Task objective :: For this exercise, output the entries below exactly from the line that holds "Football and connections" to the line that holds "Woman standing in", both ends included. No pictures belong in the copy.

Recorded information ::
=== Begin Enclosure ===

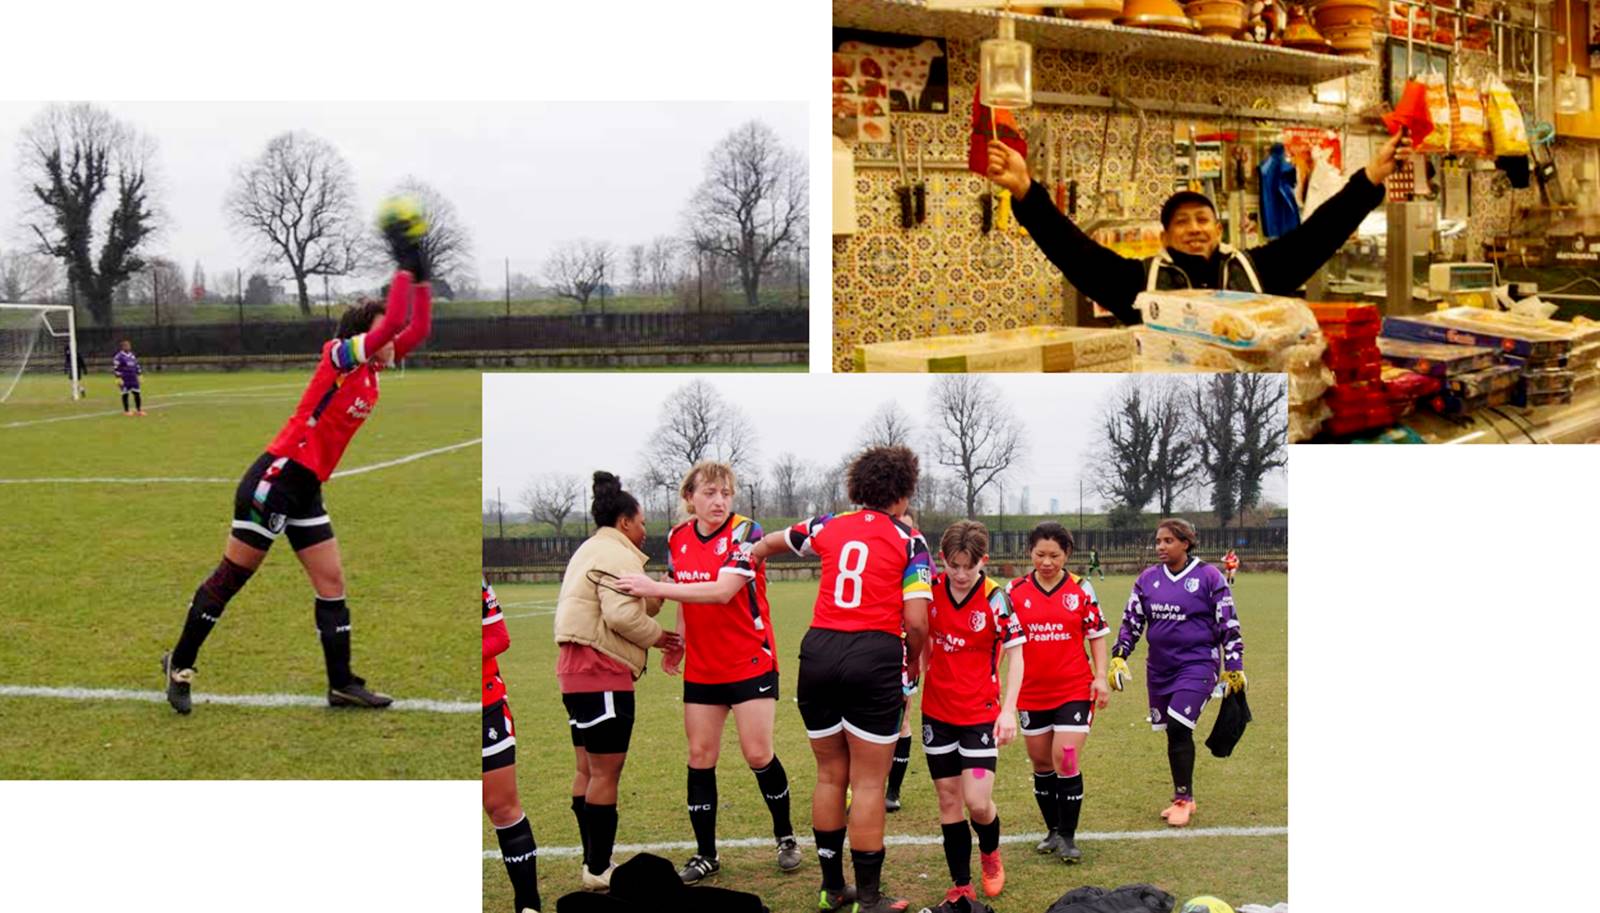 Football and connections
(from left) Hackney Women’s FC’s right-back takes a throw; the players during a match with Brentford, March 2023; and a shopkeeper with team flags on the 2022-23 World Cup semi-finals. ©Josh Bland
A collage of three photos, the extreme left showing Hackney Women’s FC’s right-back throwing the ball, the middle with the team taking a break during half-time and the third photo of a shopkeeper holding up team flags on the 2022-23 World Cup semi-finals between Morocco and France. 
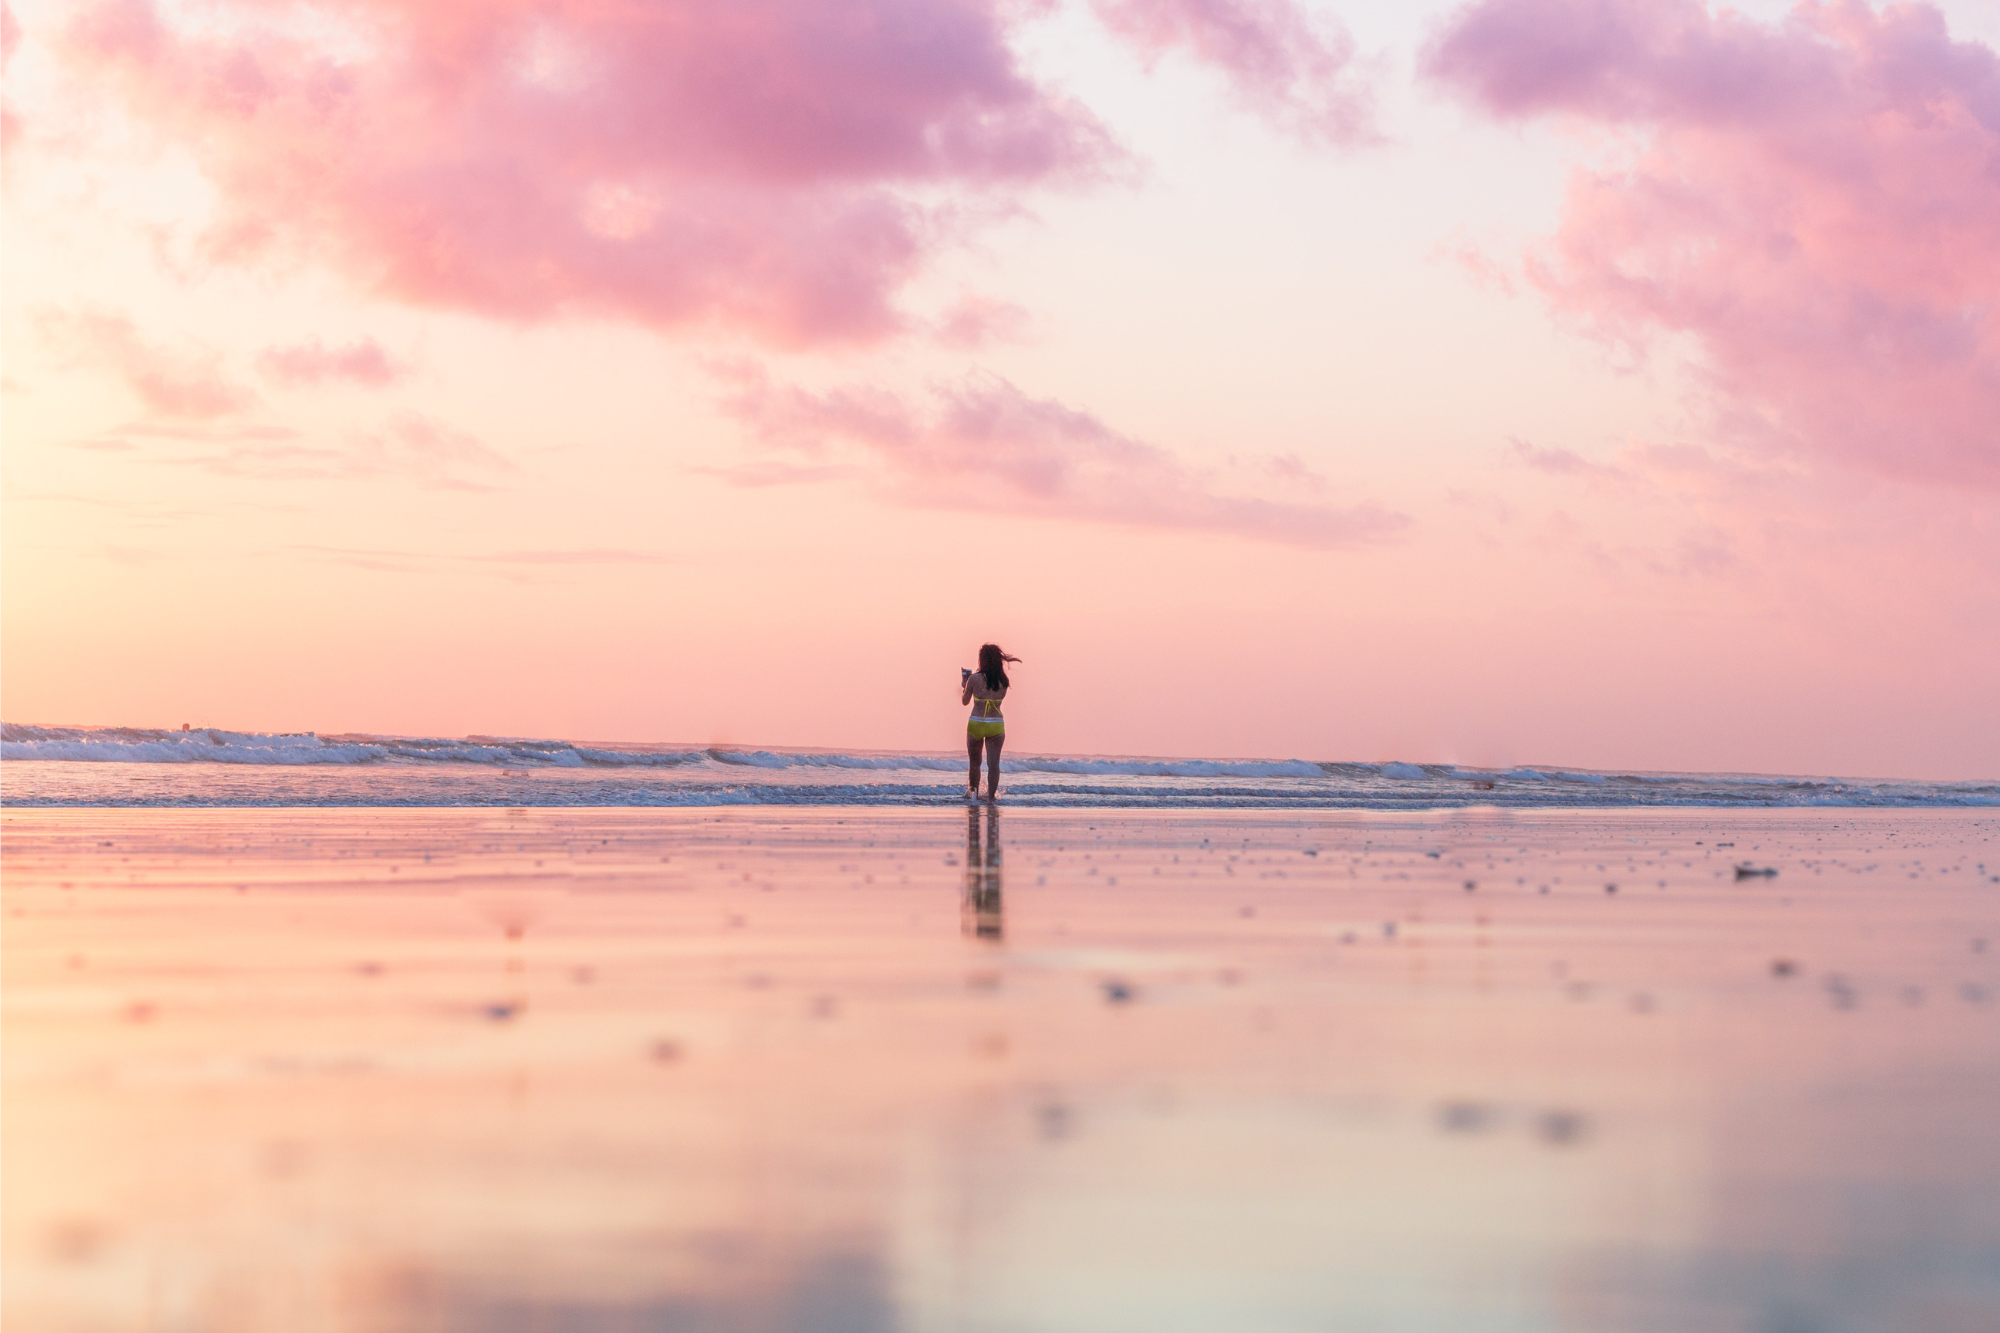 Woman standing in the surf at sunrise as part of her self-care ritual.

=== End Enclosure ===
=== Begin Enclosure ===

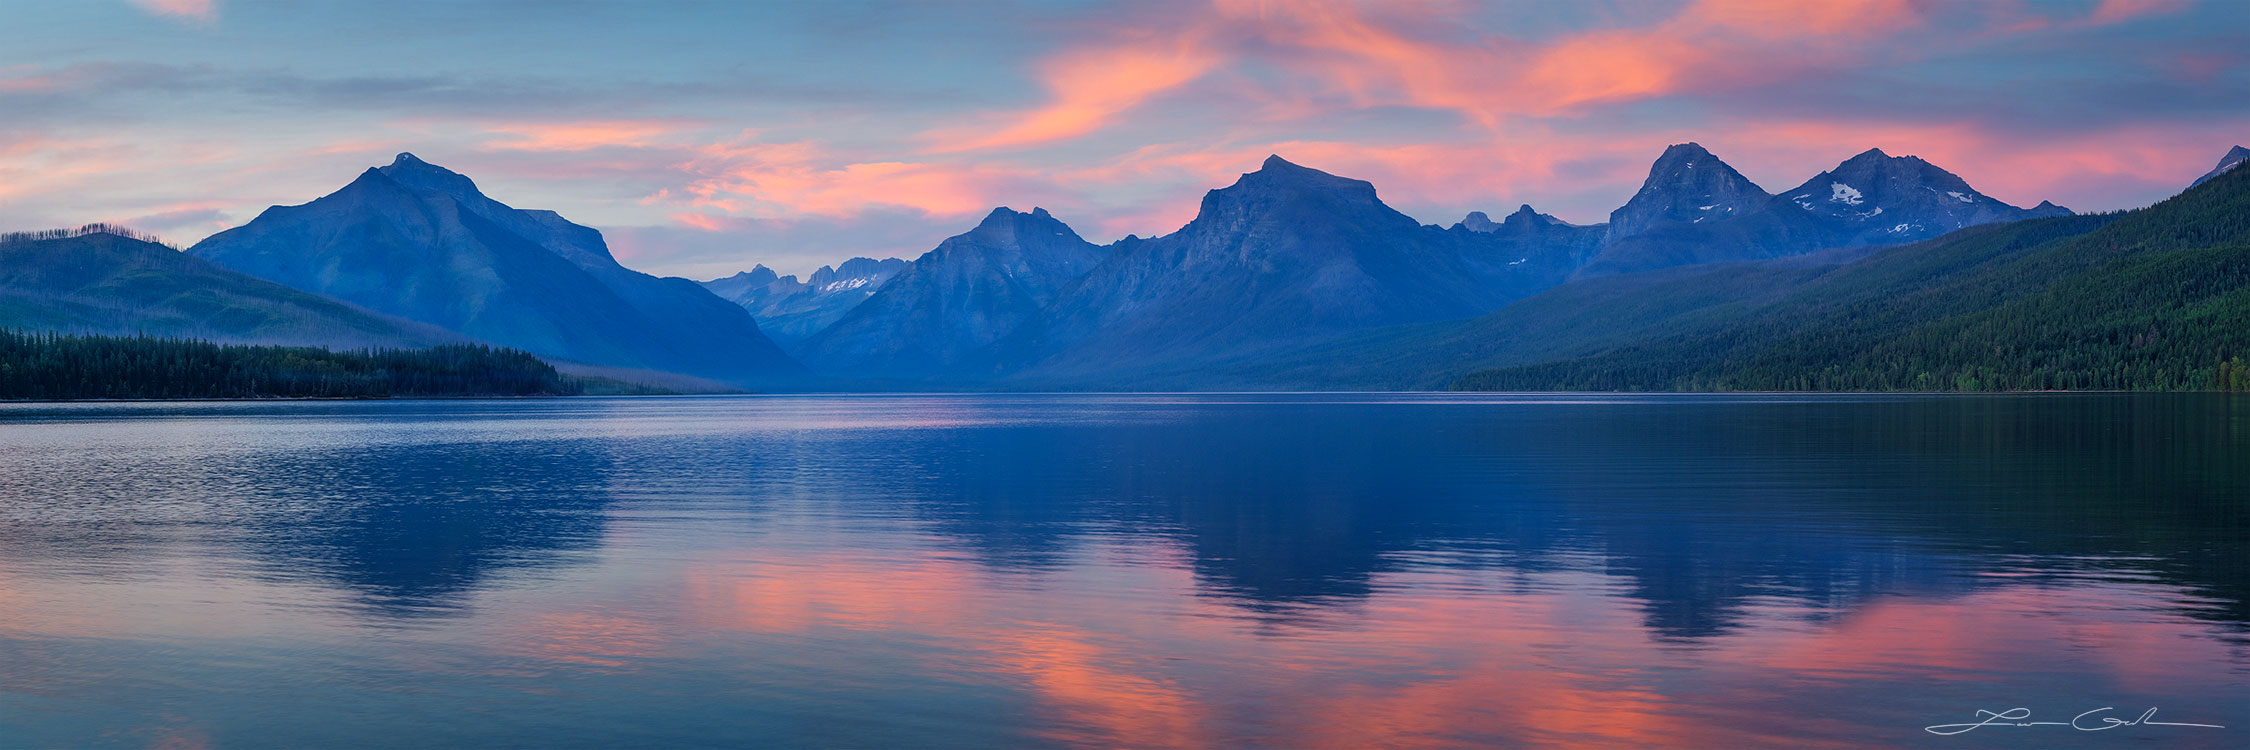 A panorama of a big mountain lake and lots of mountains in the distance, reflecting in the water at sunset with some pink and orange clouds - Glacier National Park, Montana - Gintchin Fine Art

=== End Enclosure ===
=== Begin Enclosure ===

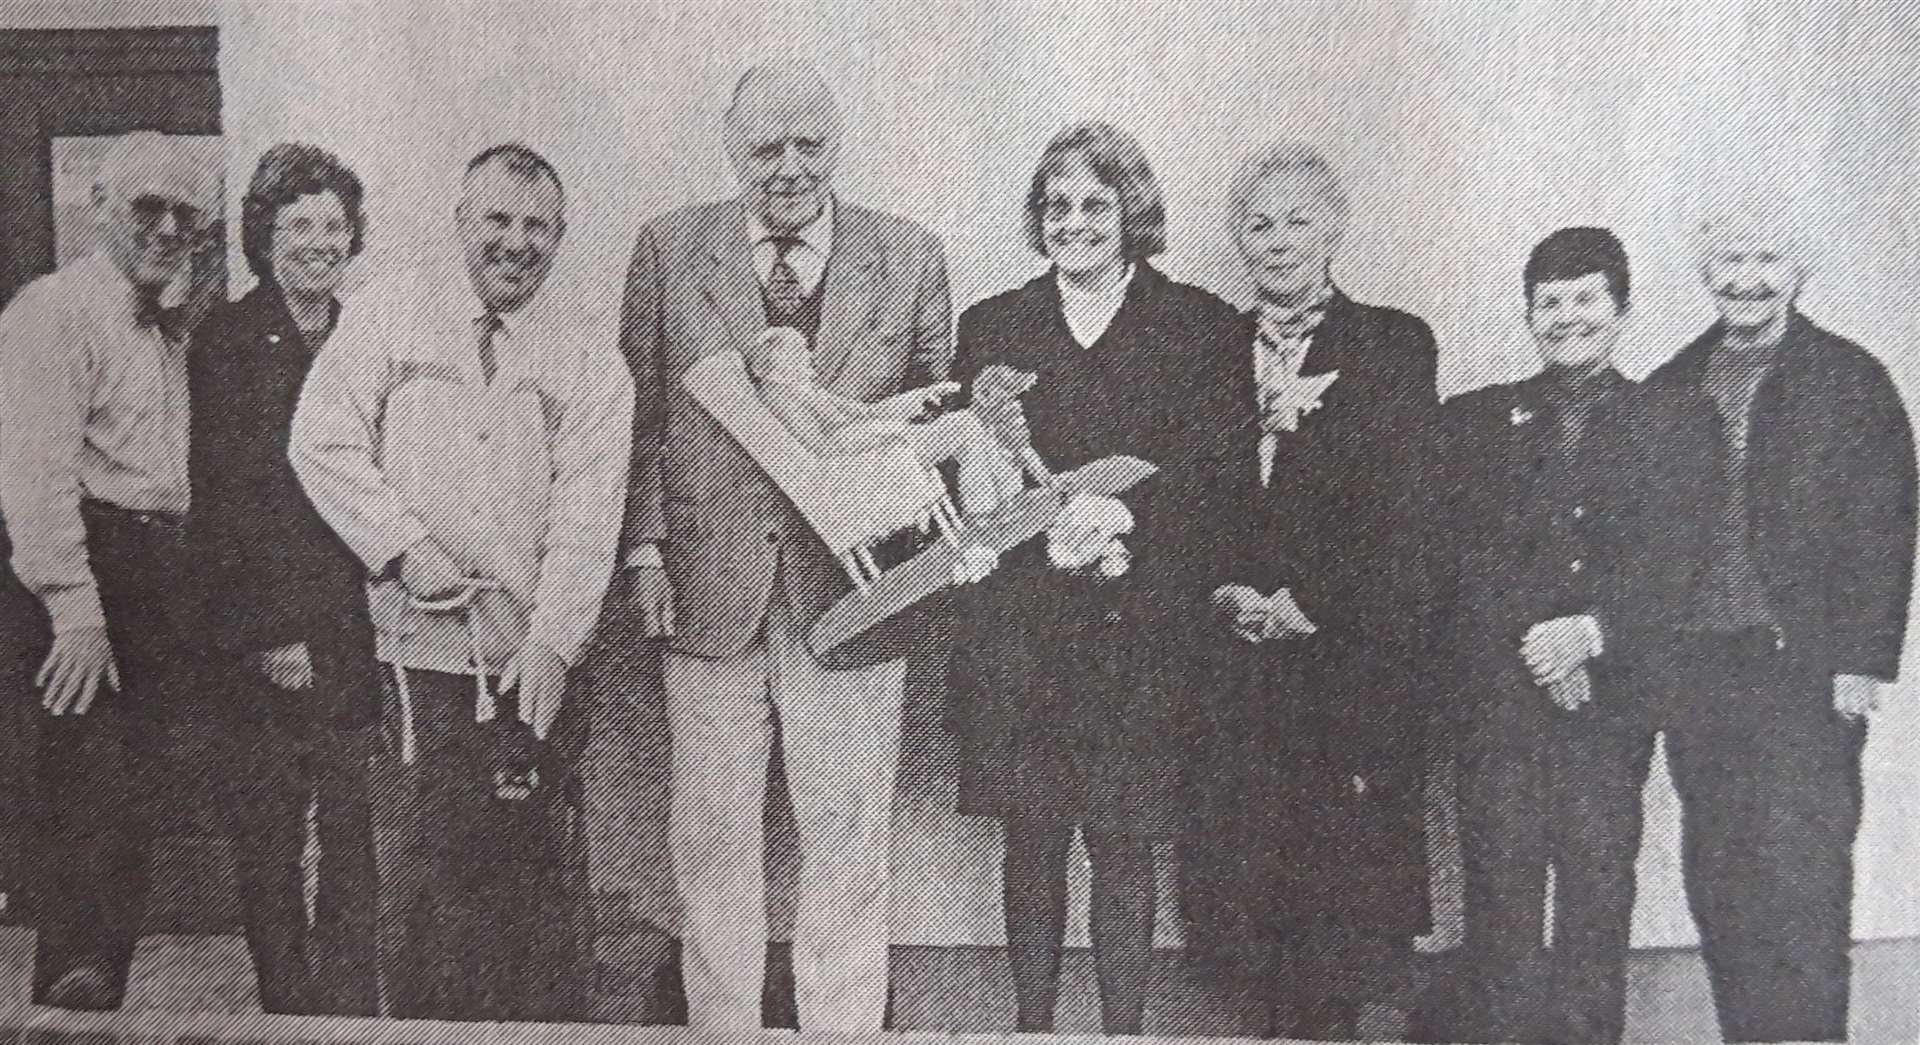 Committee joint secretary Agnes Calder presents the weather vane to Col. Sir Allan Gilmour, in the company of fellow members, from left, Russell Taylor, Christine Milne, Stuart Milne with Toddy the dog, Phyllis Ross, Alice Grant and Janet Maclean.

=== End Enclosure ===

Result of the exercise ::
 Football and connections
(from left) Hackney Women’s FC’s right-back takes a throw; the players during a match with Brentford, March 2023; and a shopkeeper with team flags on the 2022-23 World Cup semi-finals. ©Josh Bland
A collage of three photos, the extreme left showing Hackney Women’s FC’s right-back throwing the ball, the middle with the team taking a break during half-time and the third photo of a shopkeeper holding up team flags on the 2022-23 World Cup semi-finals between Morocco and France. 
 Woman standing in the surf at sunrise as part of her self-care ritual.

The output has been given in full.